Response of exoelectrogens centered consortium to nitrate on collaborative metabolism, microbial community, and spatial structure

Exoelectrogens are widespread and participate in building up interspecies electron-sharing network between anaerobic microbes. However, the exoelectrogens-centered electron-sharing networks might be affected by overreleased nitrate, which competes with solid minerals or electrodes as the electron acceptor. The knowledge on the mechanism on the response of exoelectrogens-centered community to nitrate disturbance is still limited. This study applied the microbial electrochemical system as a platform and provided insights into the response of electroactive biofilm to nitrate under a constant potential of + 0.2 V. Under a fixed carbon-nitrogen ratio of 6, the biofilm partially processed dissimilatory nitrate reduction to ammonium (DNRA) transitorily and gradually loses electron-output capability.
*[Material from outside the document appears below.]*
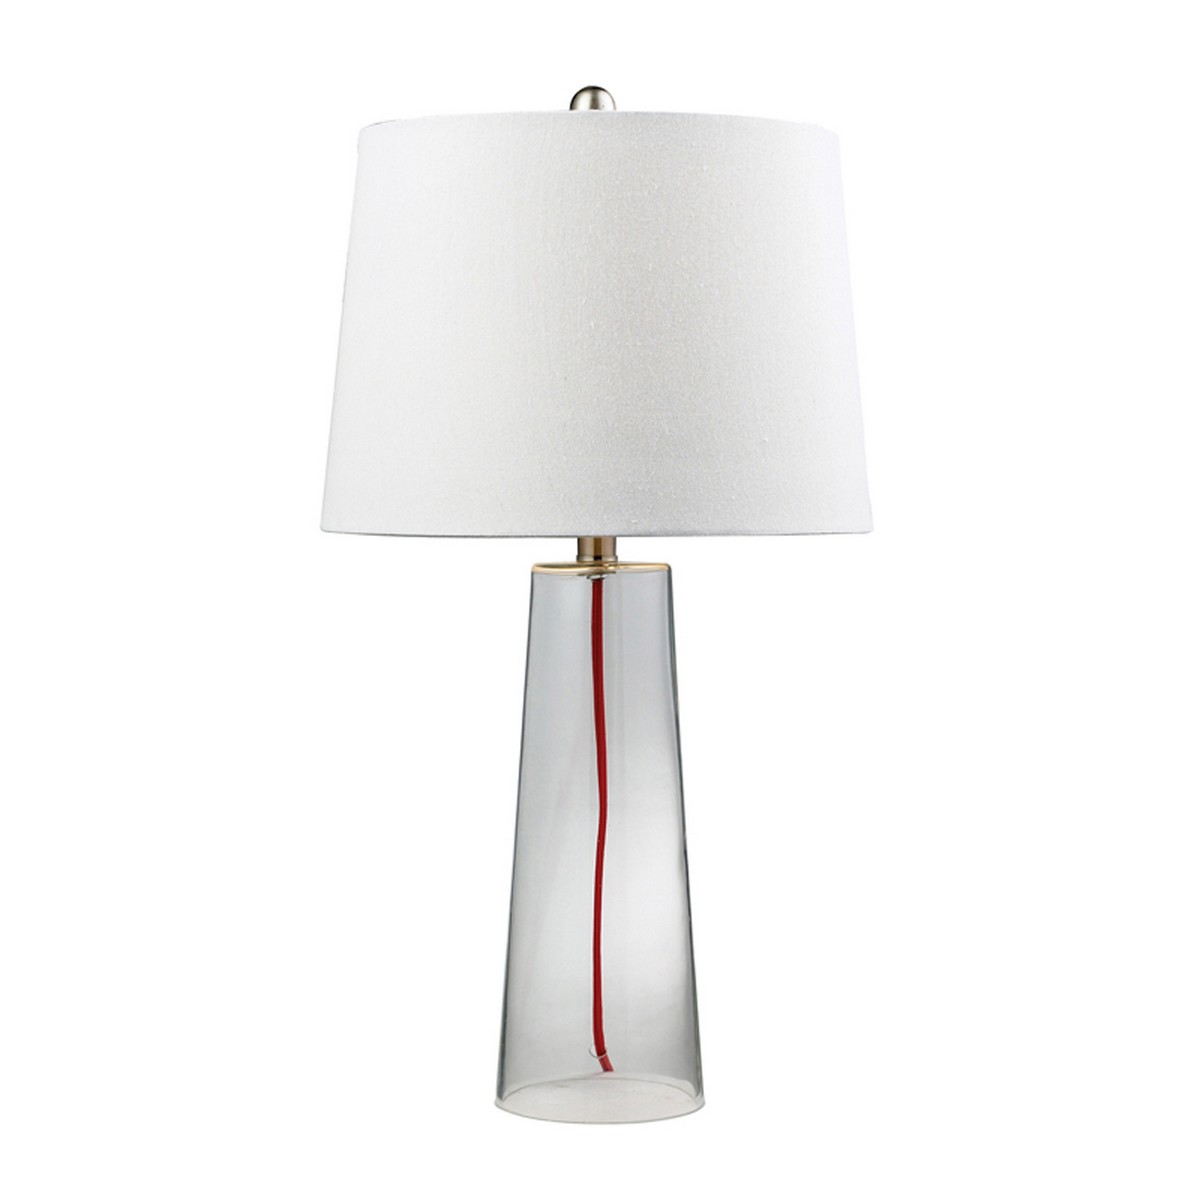 Elk Lighting D138 Table Lamp - Clear

After sufficient succession, the biofilm achieved complete denitrification without ammonia accumulation and started to acquire electrons from the electrode. With nitrate disturbance, the exoelectrogens-centered biofilm dominated by Geobacter sp. preferred to cooperate with highly enriched hydrogenotrophic denitrifiers for mutualistic growth with hydrogen as the electron mediator. Different scan rates of CVs also suggested the mediated electron transfer process. The extracellular polymer substrate (EPS) serving as a network contributed to aggregates formation. The enhanced humic acid and protein secretion in the EPS of nitrate-affected biofilm suggested frequent interactions between cells. Therefore, a mutualistic interaction was established between exoelectrogens and denitrifiers under nitrate stress.

Automated summary

Exoelectrogens play a key role in anaerobic microbial interspecies electron-sharing networks. Nitrate disturbance affects the electron-sharing networks of exoelectrogens, leading to a mutualistic interaction between Geobacter sp. and hydrogenotrophic denitrifiers under nitrate stress. Mediated electron transfer and extracellular polymer substrate contribute to biofilm aggregates formation in response to nitrate disturbance.